# Heiti's Teichprojekt 2009/2010



## heiti (13. Mai 2010)

Hallo zusammen!

Nachdem ich seit letztem Jahr zu einem regelmäßigen Besucher in diesem Forum geworden bin, möchte ich mein Teichprojekt hier einmal etwas detailierter und mit Fotos  vorstellen.

Angefangen hat alles damit, dass wir uns Ende 2008 ein Häuschen gekauft haben und dort einen relativ großen Garten unser Eigen nennen dürfen. 
Dieser Garten war auch (neben einigen anderen Gründen) ausschlaggebend für den Kauf des Hauses, da zu unserer Familie ein Berner-Sennen-Rüde namens Chicco gehört. 

Seine Lieblingsbeschäftigung ist es, draußen faul in der Sonne zu liegen und den Garten zu "bewachen". Wer nicht schneller ist als er, wird hemmungslos umgeschmust! :knuddel

Natürlich benutzt er den Garten auch manchmal als WC, wenn er denn auf seinen Gassirunden dazu nicht gekommen ist, weil die ganzen anderen Hunde und Menschen viel interessanter waren, 
als die Tatsache, dass er doch sein Geschäft verrichten könnte.  Hierfür hat er sich den hinteren, rechten Teil des Gartens auserkoren.

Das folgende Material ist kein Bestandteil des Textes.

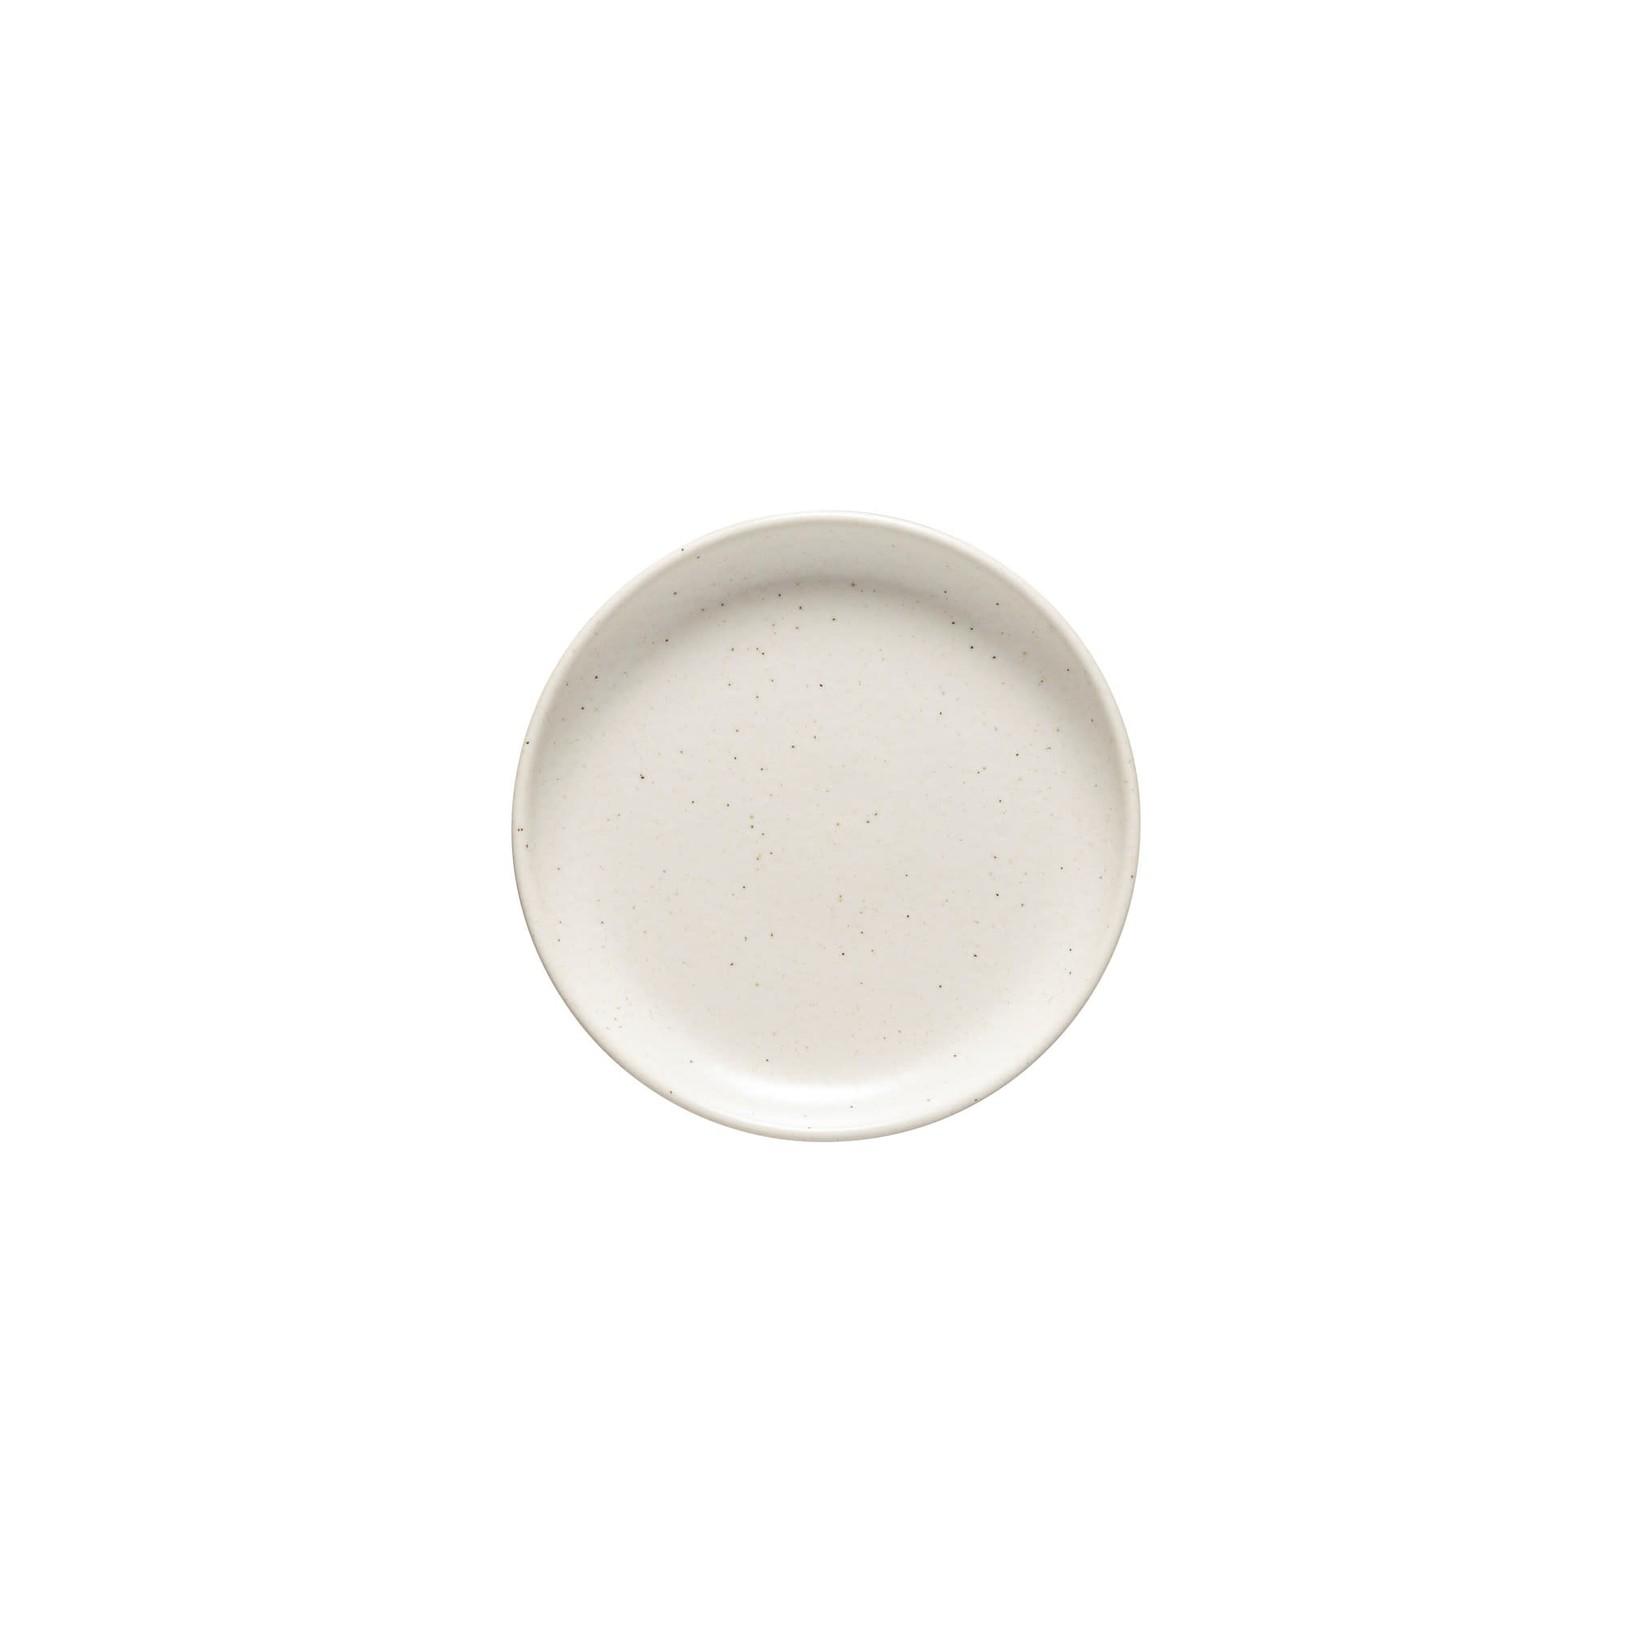 David Shaw PACIFICA vanille - Assiette apéritif / à pain
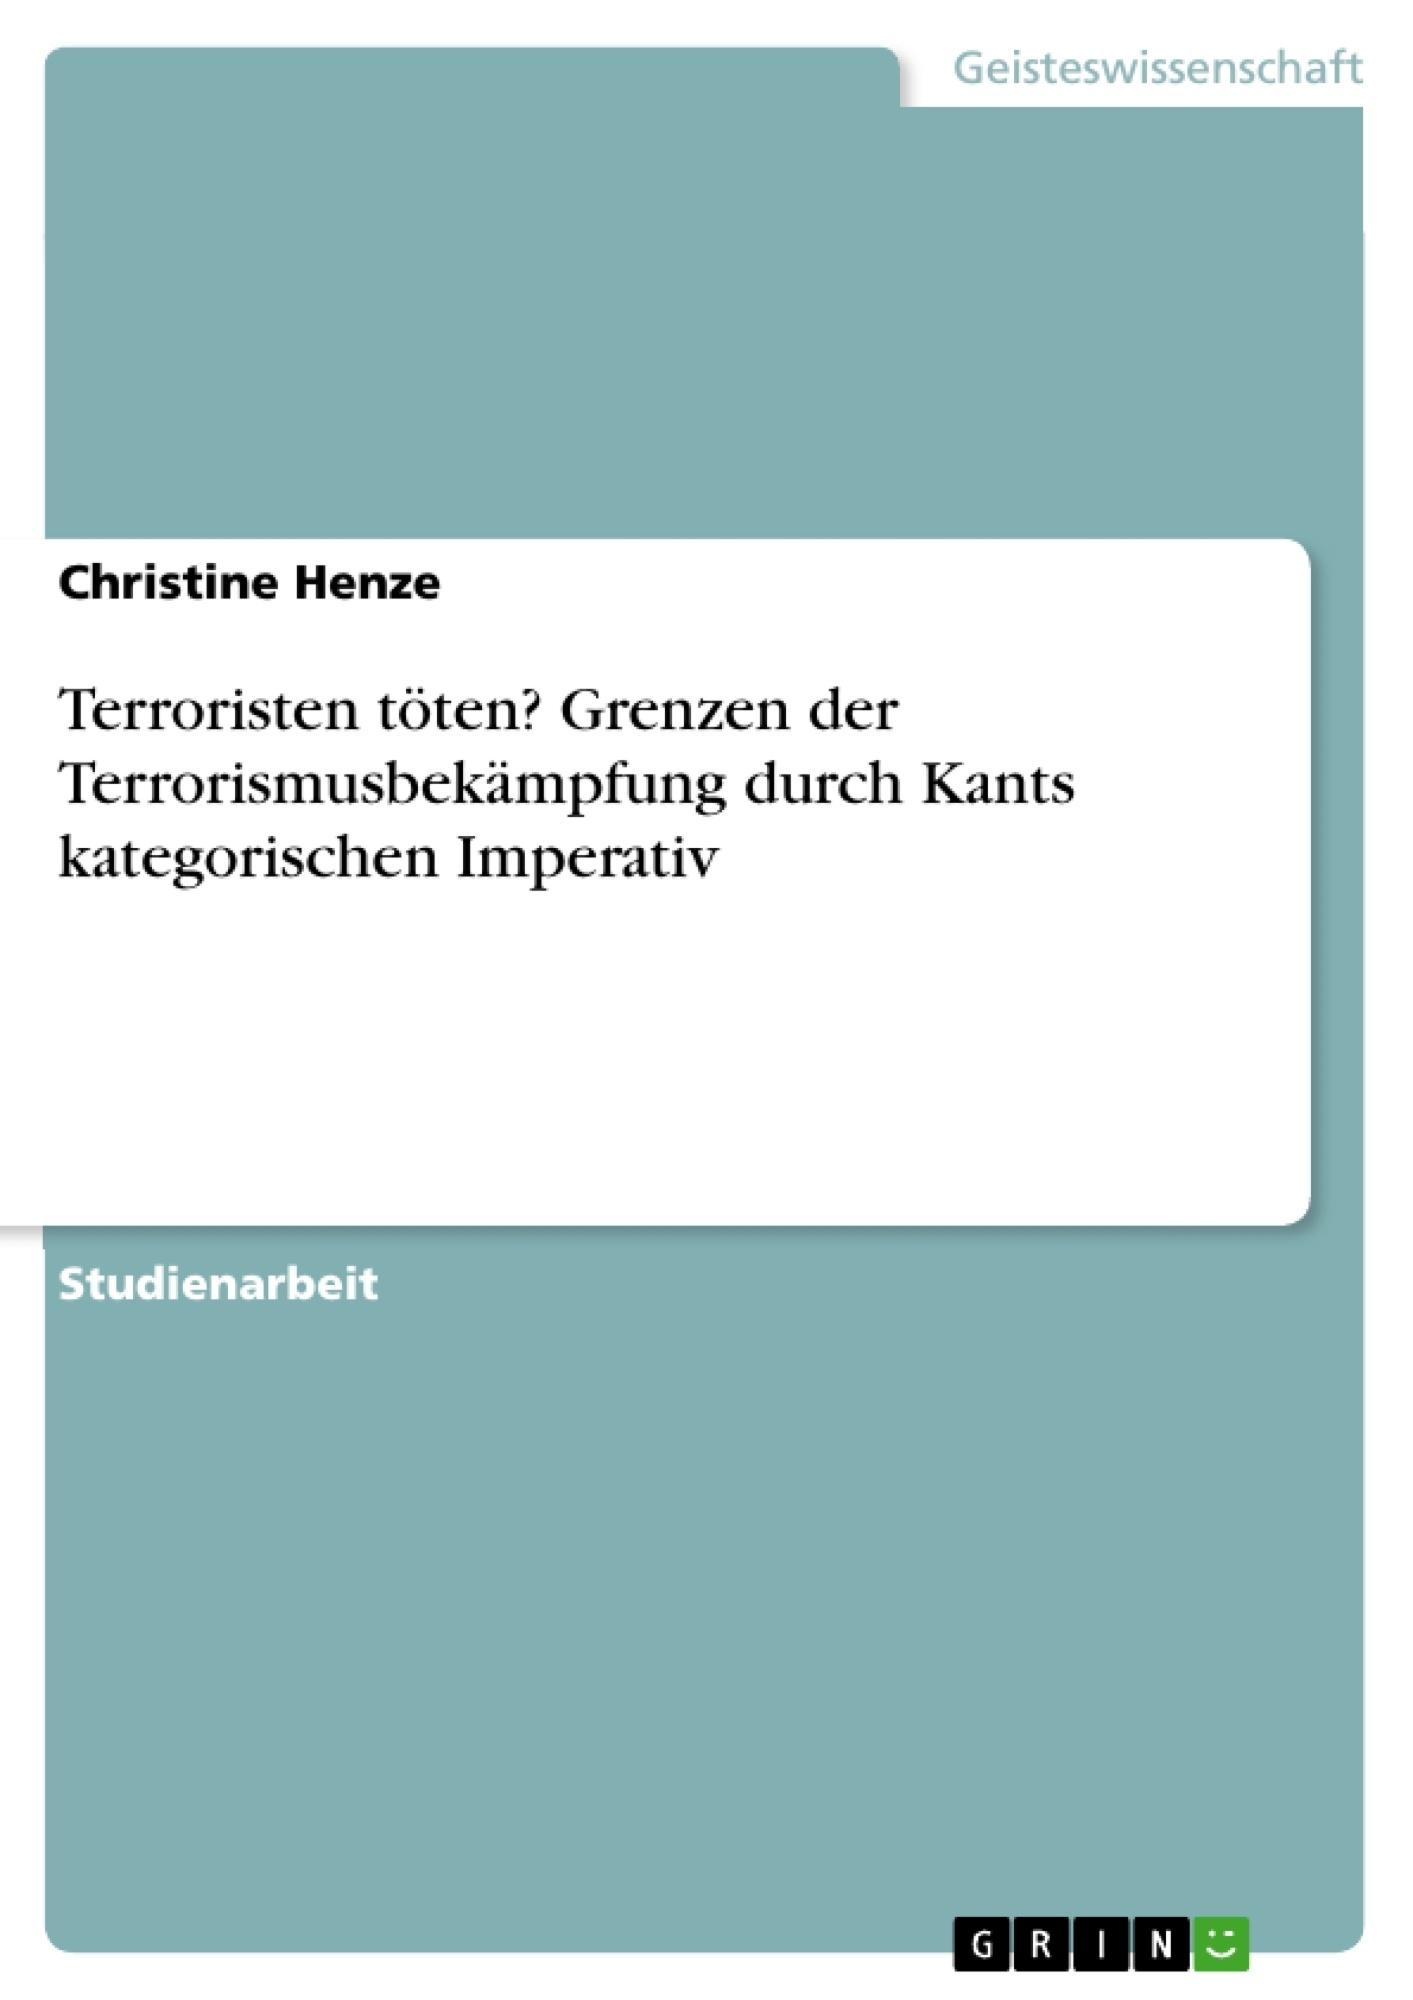 Titel: Terroristen töten? Grenzen der Terrorismusbekämpfung durch Kants kategorischen Imperativ

Unsere Nachbarin, deren Terrasse an diese Ecke grenzt fand das allerdings gar nicht so lustig und hat letztes Jahr einfach "GetOff", ein Gelee zum Vertreiben von Hunden in unseren Garten geworfen. 
Plötzlich vermied es unser Hund den Teil des Gartens zu betreten und wir wunderten uns, bis ich das Zeug irgendwann gefunden habe. Natürlich bin ich sofort zu unserer Nachbarin und habe sie zur Rede gestellt. 
Ich meine, man hätte ja darüber sprechen können, aber sie hat die ganze Zeit immer nur scheinheilig getan und nie ein Wort darüber verloren. Die einzigen Sprüche waren immer:
"Ach, ist der süß!" und "Das ist ja ein lieber Hund!"
Und dann so etwas! Was sie auf Ihrem Grundstück macht, ist mir ja egal, aber auf unserem Grundstück hat sie nichts verloren.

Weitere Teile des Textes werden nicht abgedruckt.